The RNA oligonucleotides UUGUAUCCACAGUGAAUCUdTdT (d is 2′ deoxy) and AGAUUCACUGUGGAUACAAdTdT were designed against TBP mRNA, and GGAGCGCACCAUCUUCUUCUU and GAAGAAGAUGGUGCGCUCCUU were designed against enhanced green fluorescent protein (GFP) (19). The siRNAs were purchased as annealed duplexes (Dharmacon). RNA transfections were performed with 20 μM RNA and 10 μl Oligofectamine transfection reagent (Invitrogen) according to the manufacturer's instructions. After 3 days, cells were infected with virus and transfected with reporter gene as described above.

Immunoblotting.

Total cell proteins were separated by electrophoresis on a 12% polyacrylamide gel and transferred onto nitrocellulose. Blots were probed with antibody directed against the N-terminal 12 amino acids of TBP (sc-204; Santa Cruz) and visualized by chemiluminescence with ECL reagents (Amersham). Antibody against β-actin was from Covance.

DNA binding assays.

DNA oligonucleotides of the indicated sequences were chemically synthesized (Integrated DNA Technologies), labeled at their 5′ ends with T4 kinase, and annealed to form duplex DNA. DNA binding reactions were performed 20 μl of a solution containing 60 mM KCl, 10 mM HEPES-KOH, pH 7.9, 5 mM MgCl2, 2 mM dithiothreitol, 8% glycerol, 100 ng bovine serum albumin, 100 ng poly(dG-dC), and 200 fmol radiolabeled DNA. Where indicated, 100 ng human TBP was added to the solution which was incubated for 30 min at 37°C. Protein-DNA complexes were resolved by electrophoresis in a 6% polyacrylamide gel in 25 mM Tris-HCl, pH 8.0, 190 mM glycine, and 10 mM EDTA (37).
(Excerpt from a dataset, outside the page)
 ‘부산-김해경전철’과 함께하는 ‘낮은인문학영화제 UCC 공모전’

Gels were dried and analyzed by autoradiography and phosphorimage scanning.

RESULTS

Sequence requirements for vaccinia virus intermediate and late gene transcriptional promoters.
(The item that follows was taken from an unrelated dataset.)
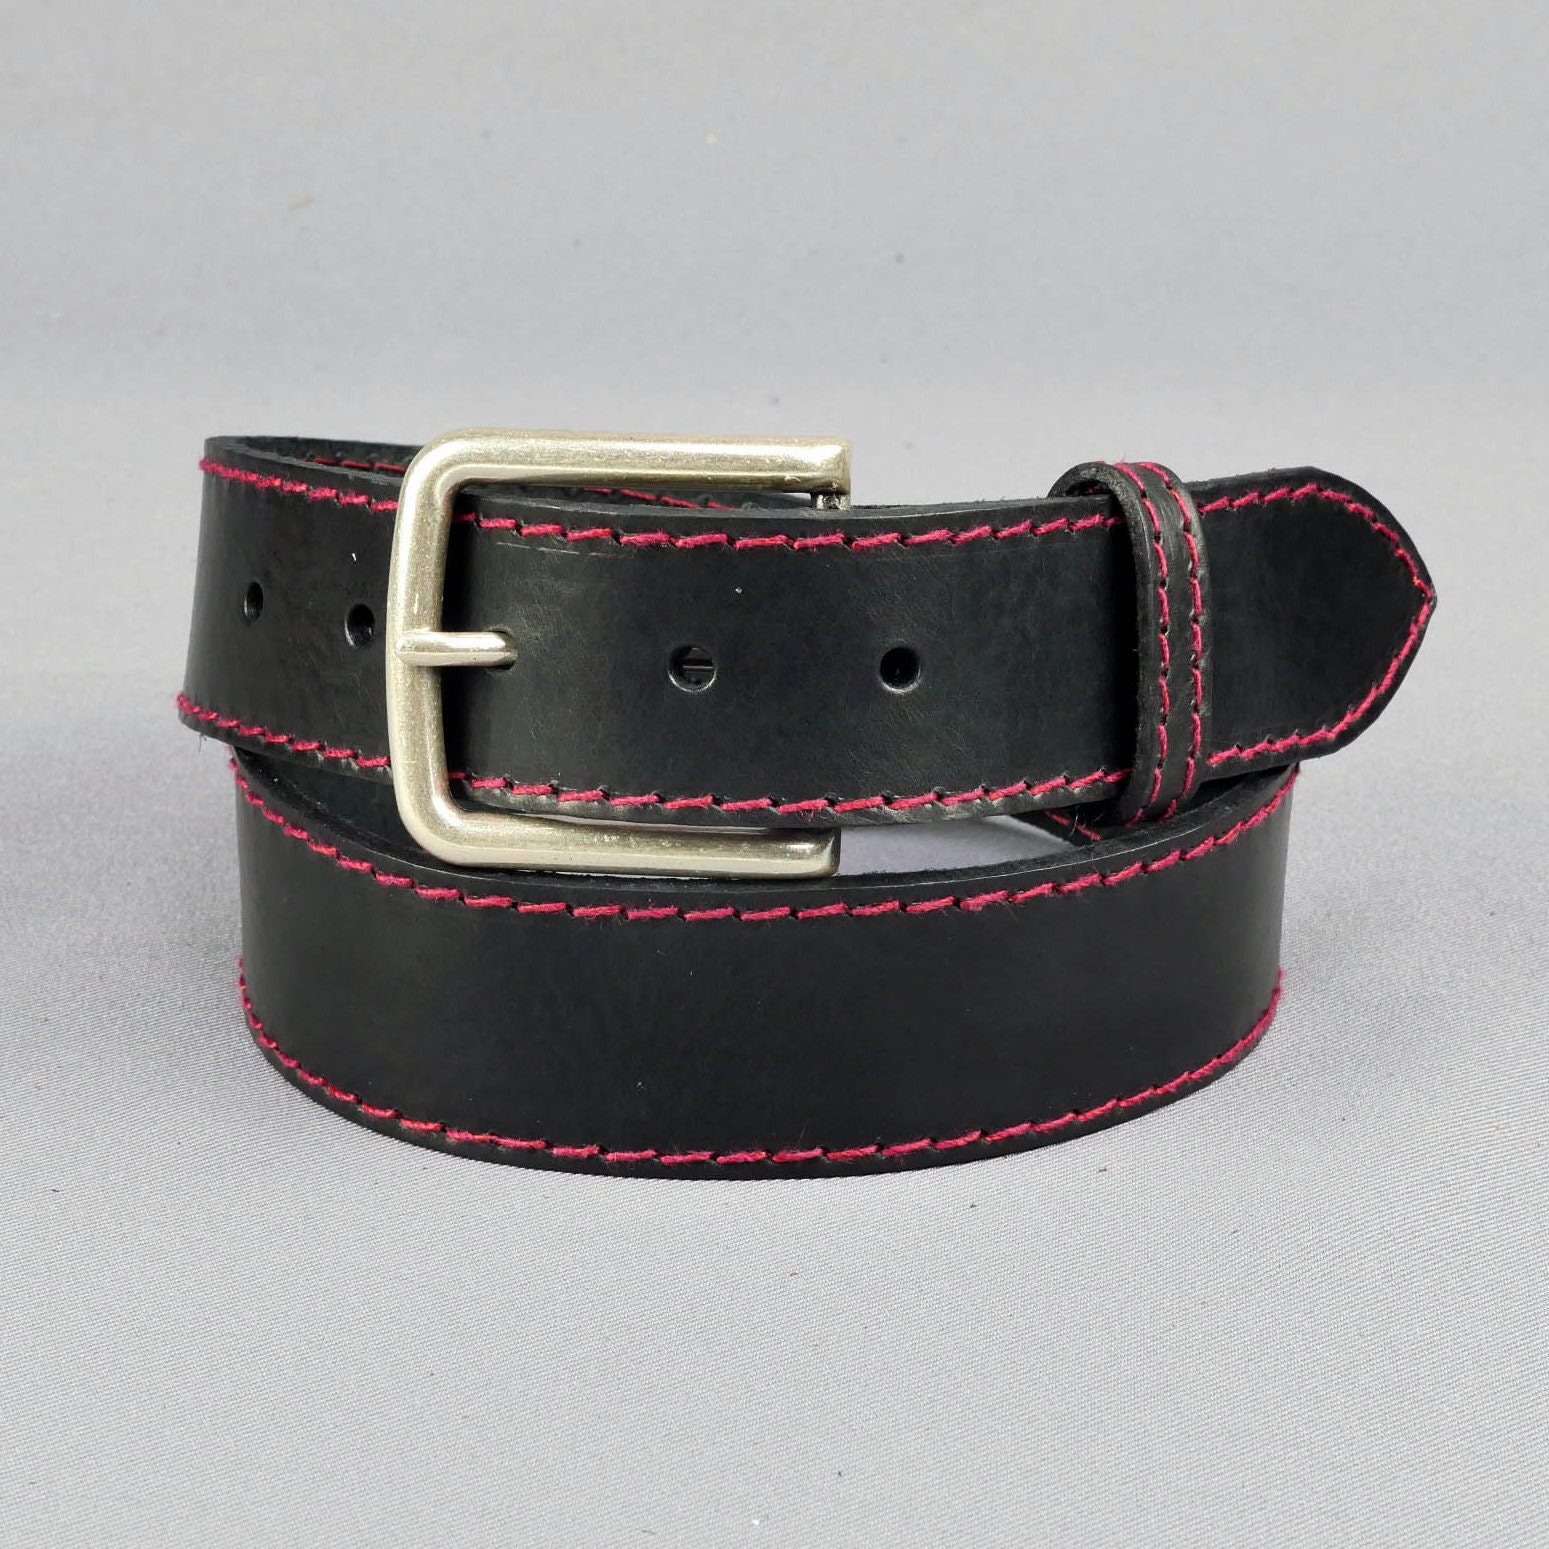 SALE Black Leather Belt Red and Black Stitched Belt - Etsy

A systematic analysis of the DNA sequence requirements for a single vaccinia virus intermediate promoter has been reported. Baldick and Moss described two essential elements in the G8R promoter: a TAAAA sequence on the nontemplate strand at nucleotides −1 to +4 relative to the transcriptional start site, and another of the sequence TTTAAATAATT at −27 to −13 (2). In the current study, the vaccinia virus I1L promoter was selected for analysis because it has exceptionally high activity (20) and therefore would be expected to have optimized promoter elements. The promoter was linked to the E. coli β-galactosidase gene that served as a reporter for promoter activity and transfected into HeLa cells previously infected with vaccinia virus. The I1L promoter was originally reported to be a late promoter (31). This promoter is shown here to be enhanced in the presence of the DNA synthesis inhibitor HU in a transfection experiment (Fig. 1E), a hallmark of an intermediate promoter (16). A plasmid construct with 30 nucleotides upstream of the transcriptional start site was determined to retain full activity compared to one with 100 nucleotides upstream (not shown), and 6 nucleotides downstream were required for optimal activity (Fig. 1A). Therefore, the I1L promoter with nucleotides −30 to +6 served as the starting point for analysis of essential sequence elements. Initially, blocks of five nucleotides were replaced with C residues to scan across the promoter to rule out nonessential sequences (not shown). A segment spanning nucleotides −5 to −10 was determined to have little effect on promoter strength (Fig. 1A and B). Nucleotides in blocks found to be essential were replaced individually with C residues (or a G residue if originally a C). This analysis identified the sequence TATTTAAAAGT at nucleotides −29 to −14 as important for promoter activity as well as the sequence TAAATGG from −1 to +6 (Fig. 1B). Thus, the nucleotides identified here as important for the function of the I1L promoter are similar in location to those identified in the G8R promoter (2), they are similar in being very AT rich but have difference sequences.

FIG. 1.

FIG. 1.

Dissection of the vaccinia virus intermediate I1L and late I2L promoters. The I1L promoter (panels A and B) and I2L promoter (panel C and D) were linked to the β-galactosidase gene and transfected into HeLa cells that had been infected with vaccinia virus. Panels A and C show the activity of shortened promoters to determine the upstream and downstream boundaries of promoter elements. Panels B and D show activities of promoters with individual nucleotide substitutions. A, T, and G residues were replaced with C residues, and C residues were replaced with G residues. Bars labeled with five nucleotides are a block substitution. NP, no promoter; WT, wild-type sequence. Panel E shows the effect of HU in the culture medium on the activity of the I1L and I2L promoters. −HU, absence of HU; +HU, presence of HU. Error bars denote standard deviations.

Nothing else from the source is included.